Asynchronous Inference Mode

Asynchronous Inference Mode is a near-real-time inference option that queues incoming requests and processes them asynchronously. This mode is suitable when you need to handle large payloads as they arrive or run models with long inference processing times that do not require sub-second latency. By default, the predict method operates in asynchronous mode, which will poll the status endpoint until the result is ready. This is ideal for batch processing or tasks where immediate responses are not critical.
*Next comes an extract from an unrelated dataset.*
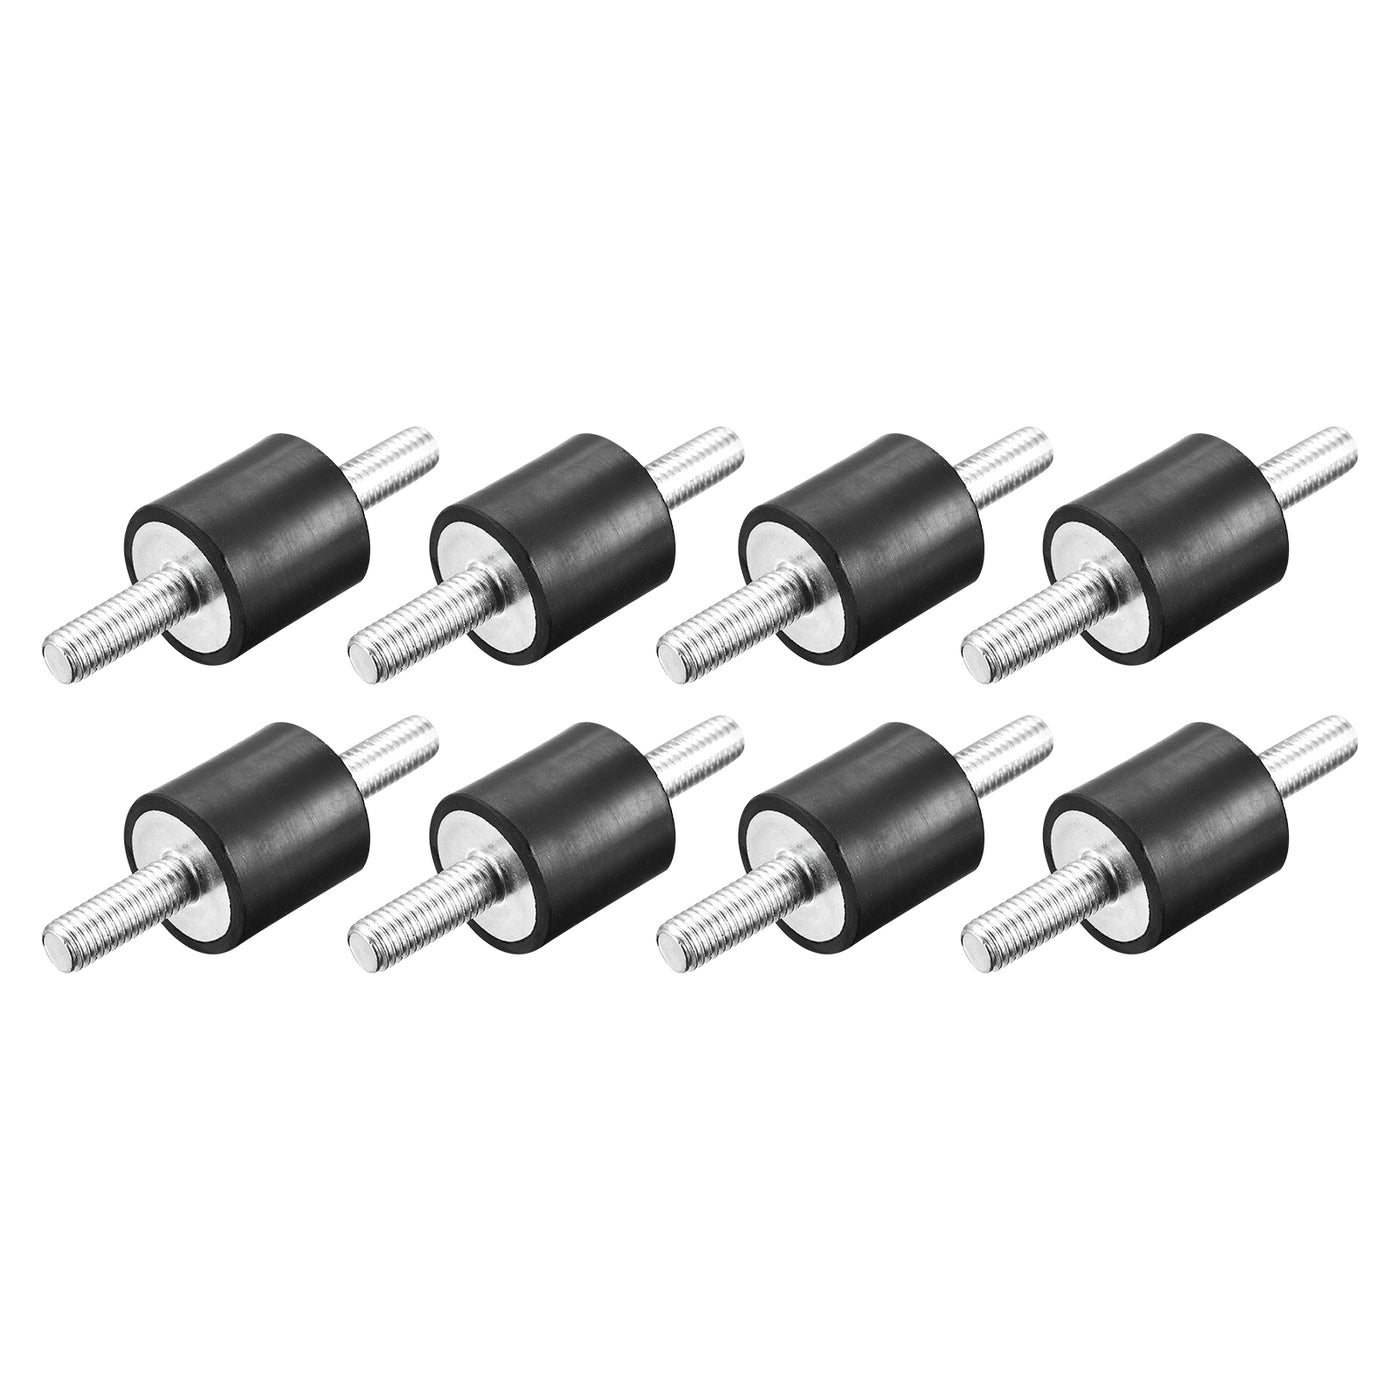 uxcell Uxcell Rubber Mounts 8pcs M8x23mm Male Vibration Isolator Shock Absorber D25mmxH25mm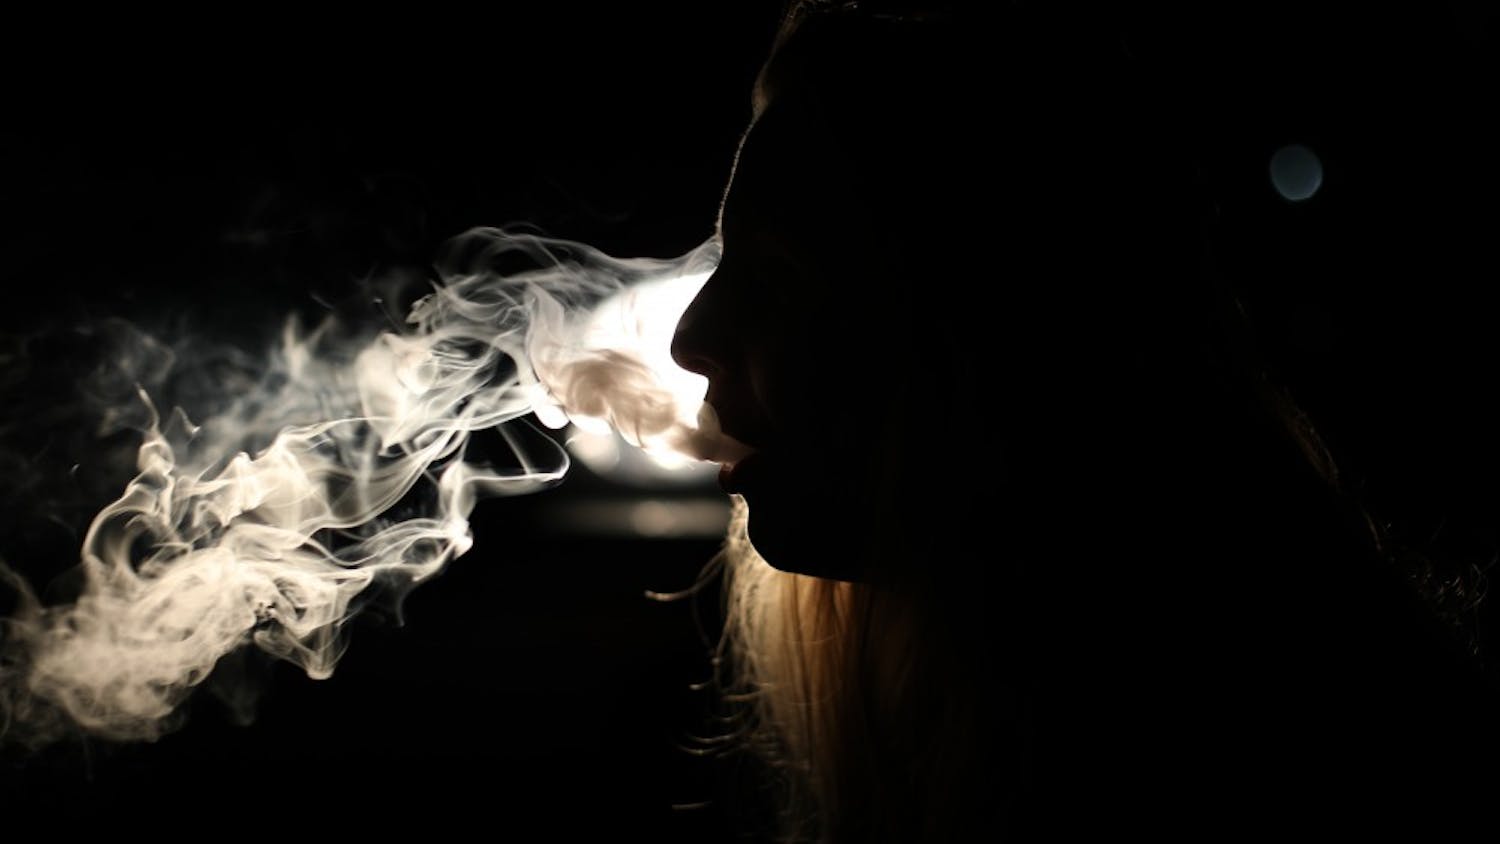 Photo Illustration. Although traditional cigarette use has fallen in the past decade among young people in North Carolina, the rise in popularity of e-cigarettes has presented a new challenge for health officials.&nbsp;

Asynchronous Inference Mode Usage

api_response = vps_model_client.predict(model_id=model_id, input_data="Test input", async_mode=True)

Real-Time Inference Mode

Real-Time Inference Mode is designed for use cases requiring real-time predictions. In this mode, the predict method processes the request immediately and returns the result without polling the status endpoint. This mode is ideal for applications that need quick, real-time responses and can afford to handle potential timeouts for long-running inferences. It is particularly suitable for interactive applications where users expect immediate feedback.

Note

In Real-Time Inference mode, the timeout is 29 seconds. The caller will receive a 504 Gateway Timeout error after 29 seconds if the inference takes longer.

Real-Time Inference Mode Usage

api_response = vps_model_client.predict(model_id=model_id, input_data="Test input", async_mode=False)